環境省の最新鳥類レッドリスト(2012年版)タカ目タカ科では、絶滅種が1種、絶滅危惧ⅠAが1種、三番目の絶滅危惧ⅠBが5種、四番目の絶滅危惧Ⅱ種が3種(オジロワシ、オオワシ、サシバ)、五番目の準絶滅危惧が4種となっています。・・・上がチュウヒ下がカラス
このうち近所の公園で見ることができるのは、チュウヒ、ミサゴ、オオタカ、ハイタカなどですが、チュウヒが絶滅危惧ⅠB、ミサゴ以下3種が準絶滅危惧に指定されています。・・・上がチュウヒ下がカラス
環境省の鳥類レッドリストで、オジロワシなどよりも絶滅が危惧されている希少な野鳥を大阪市内で観察できることは、バーダーにとって有難いことです。
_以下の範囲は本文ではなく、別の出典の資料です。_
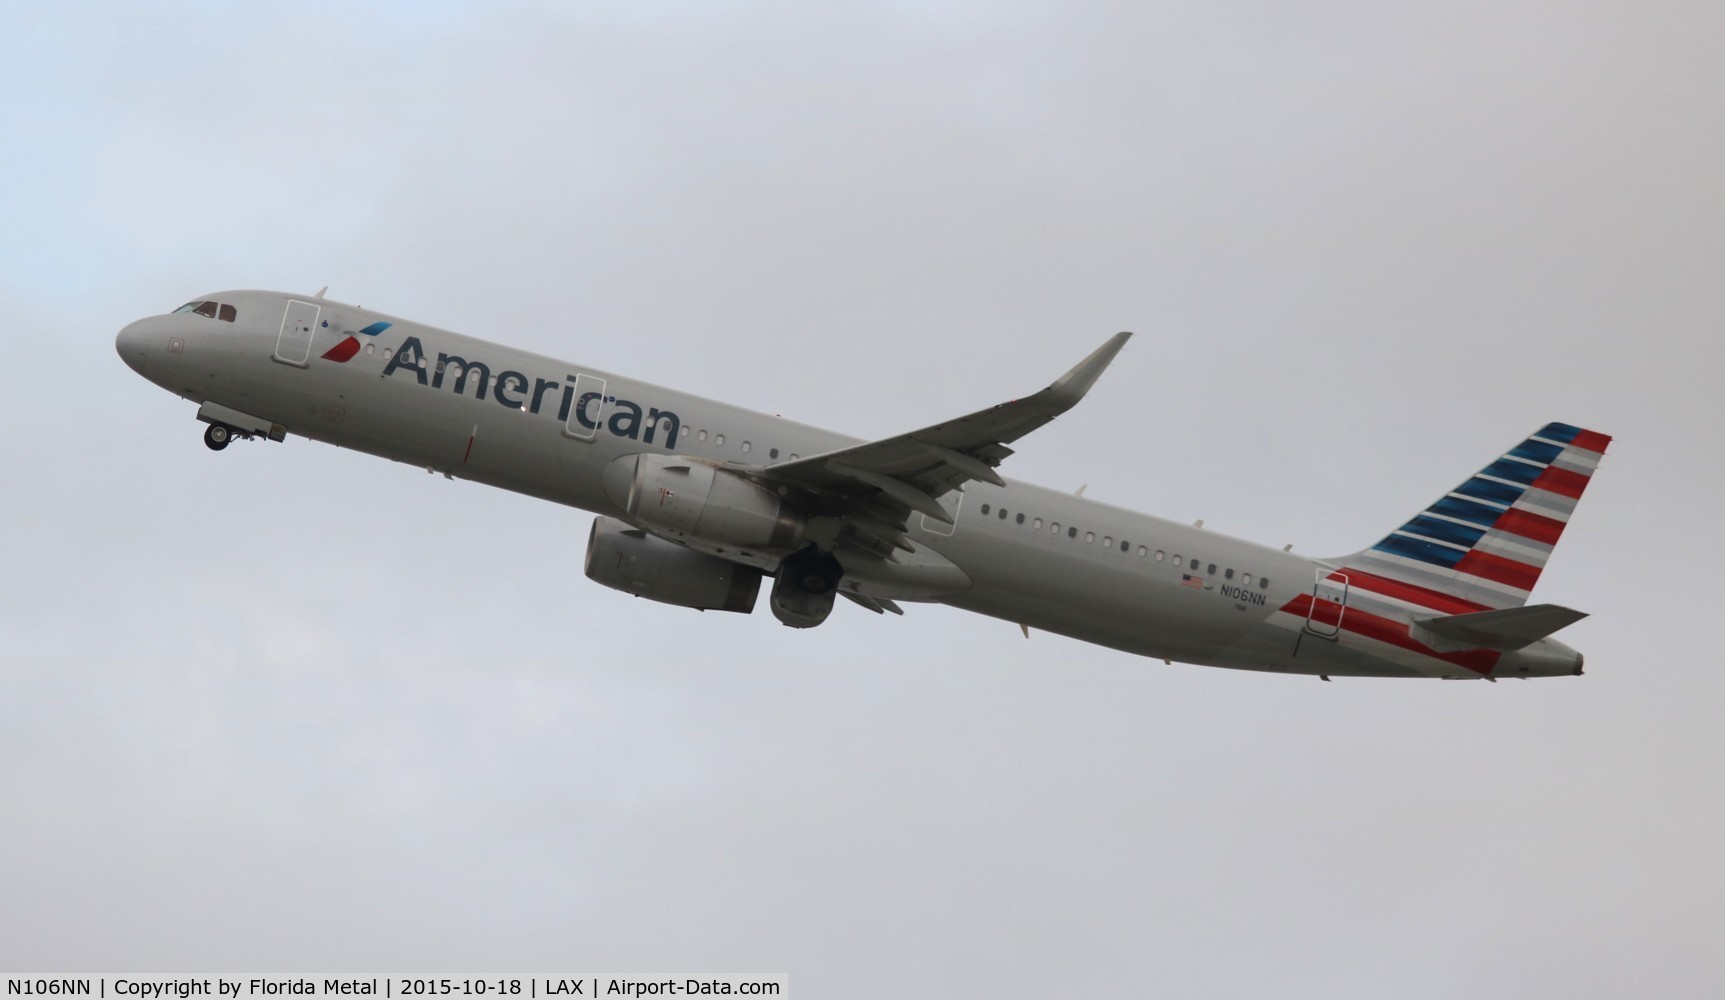 N106NN, 2013 Airbus A321-231 C/N 5932, American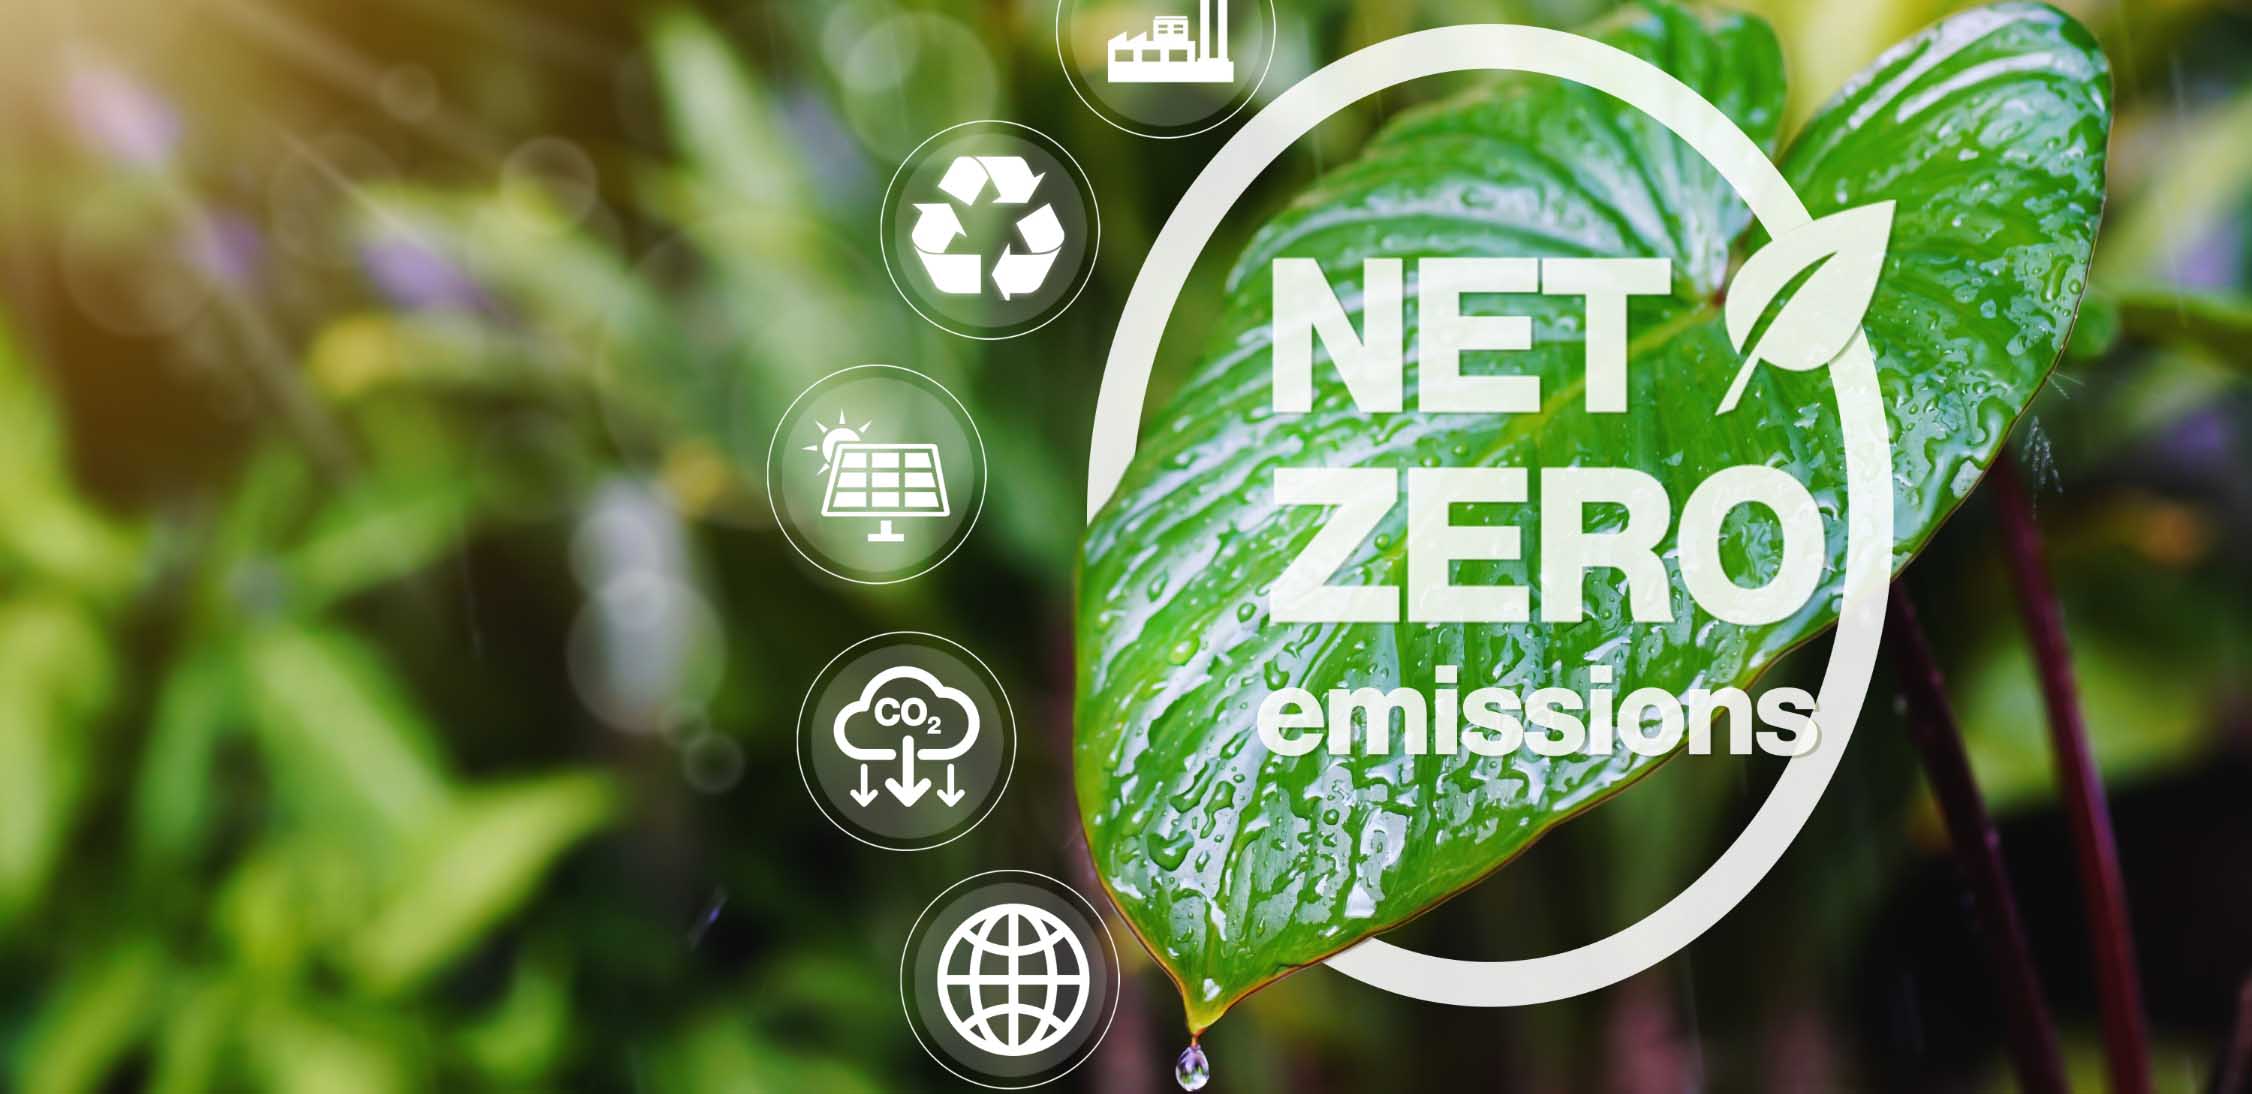 Die Rolle der Unternehmen bei der Bekämpfung des Klimawandels: Erreichen von Netto-Null-Emissionszielen

チュウヒの国内繁殖つがい数は約90、大陸から飛来する越冬期個体数は 300~450羽と推定(環境省 2014年の調査)されているので、チュウヒがタカ科の中でも希少な保護対象であることは間違いないでしょう。
日本で繁殖するタカ類は、樹木などの高所に営巣しますが、チュウヒは主にヨシ原など草地に巣を作ることが知られています。
チュウヒの個体数の激減は、生息地の開発が要因と考えられていて、最近では大規模太陽光発電(メガソーラー)の開発が新たな脅威となっているようです。
さて、チュウヒは、翼の面積に対して体重が軽いことから、飛行の際に翼を浅いV字型とし、風を捕まえながら低空を飛行(帆翔と呼ぶ)、魚類、両生類、爬虫類、鳥類、小型哺乳類等を捕食することが知られています。
このような翼のV字型は、揚力が低下する低速での飛行の際に、体のバランスを保つのに役立っていると考えられ、遠くからでもチュウヒであることを確認することができます。
同じタカ科の野鳥が高所から狙いを定めて獲物を捕まえるのに対し、チュウヒは目と耳を使って高度1~5mくらいの低空で獲物を探し、急降下して獲物を捕まえる狩りを得意としています。
また、チュウヒの風切羽の表面は、フクロウ類のようにやわからで、低空を帆翔する時の消音に役だっているようです。